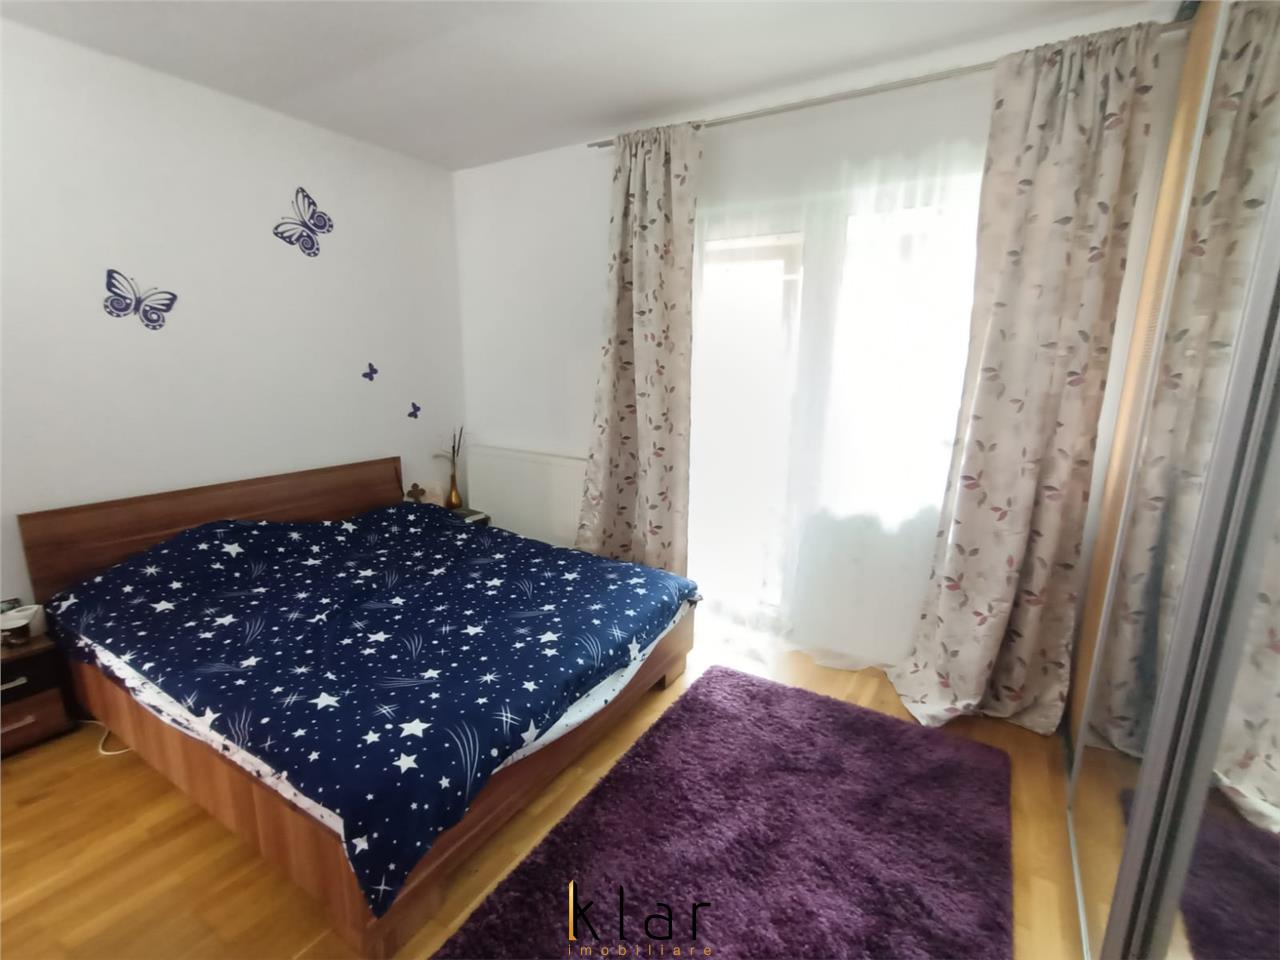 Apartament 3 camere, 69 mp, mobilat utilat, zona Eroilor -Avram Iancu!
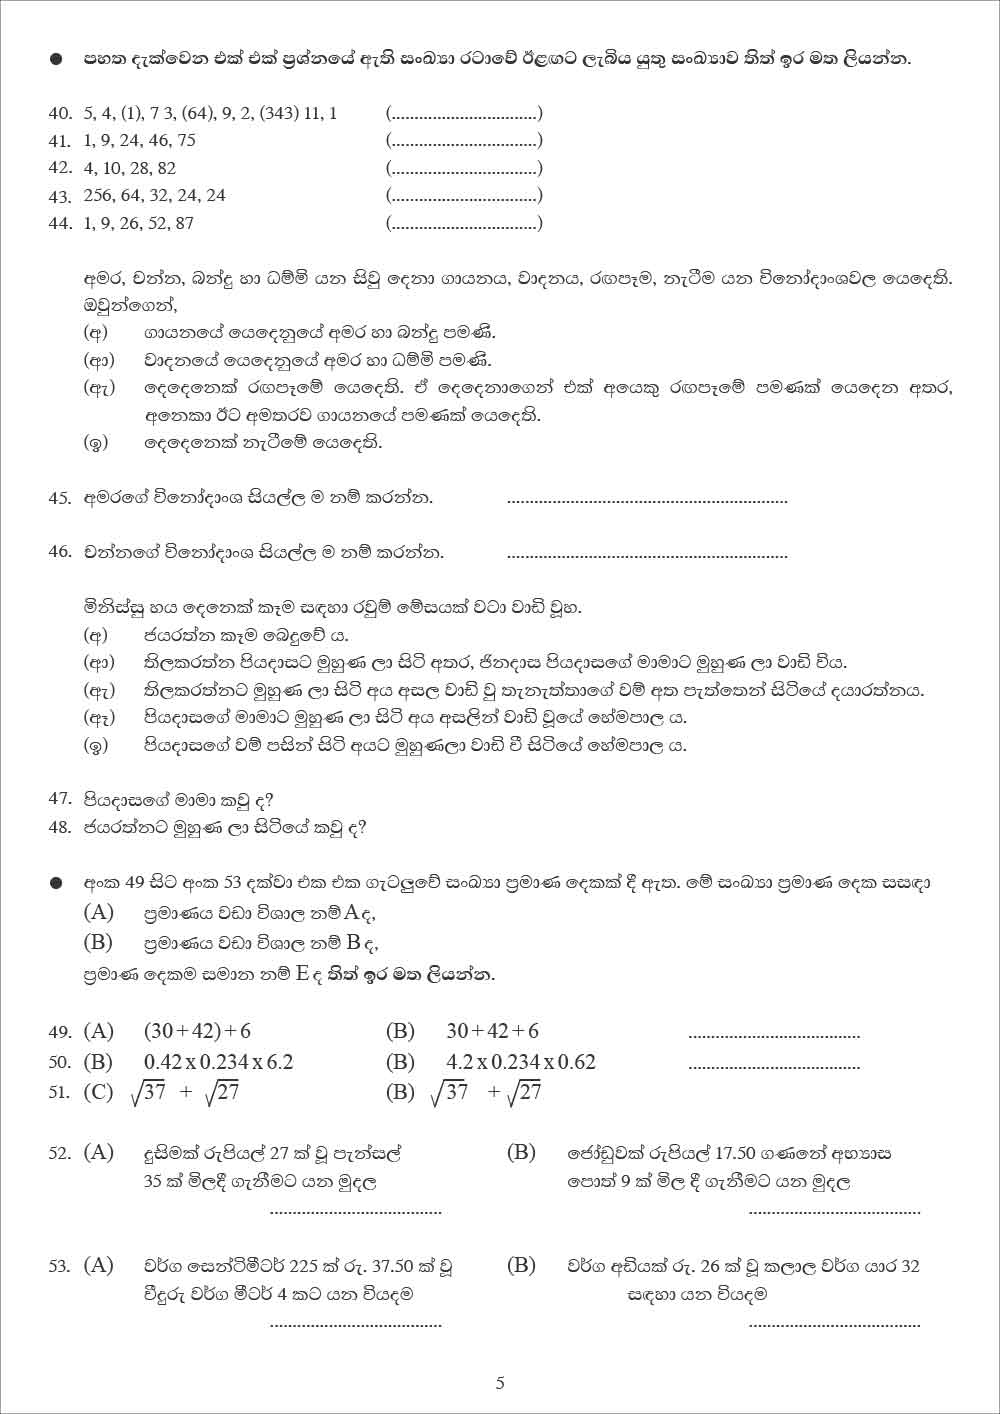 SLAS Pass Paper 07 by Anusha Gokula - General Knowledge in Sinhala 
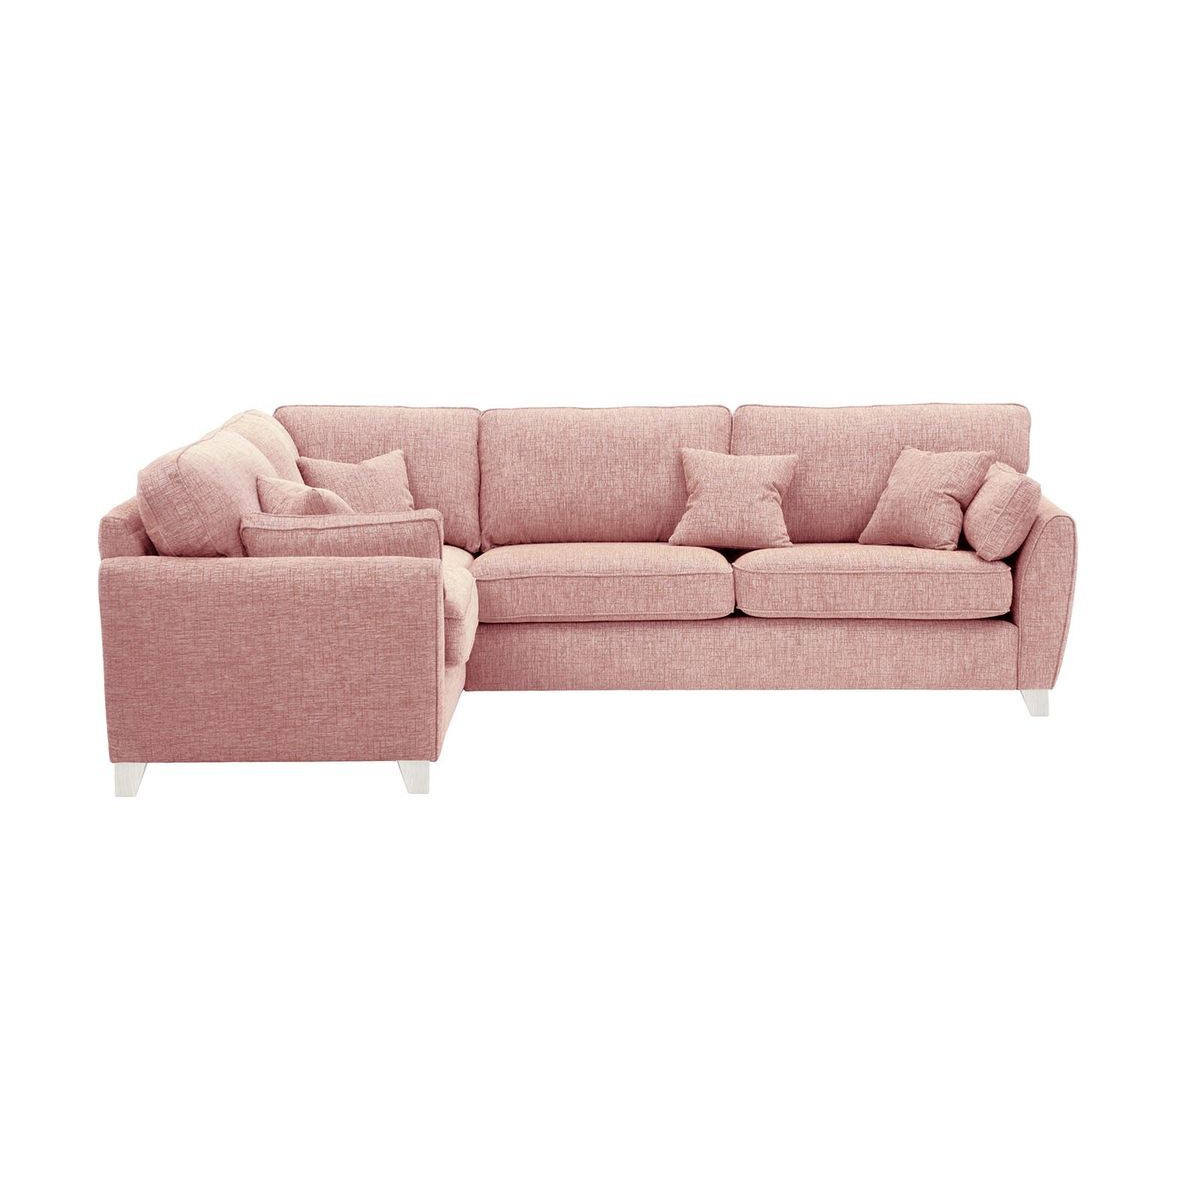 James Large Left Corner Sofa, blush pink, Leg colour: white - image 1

## Activity
Would you set down the listing exactly, omitting pictures?

## Expected answer
 Apartament 3 camere, 69 mp, mobilat utilat, zona Eroilor -Avram Iancu!
 SLAS Pass Paper 07 by Anusha Gokula - General Knowledge in Sinhala 
 James Large Left Corner Sofa, blush pink, Leg colour: white - image 1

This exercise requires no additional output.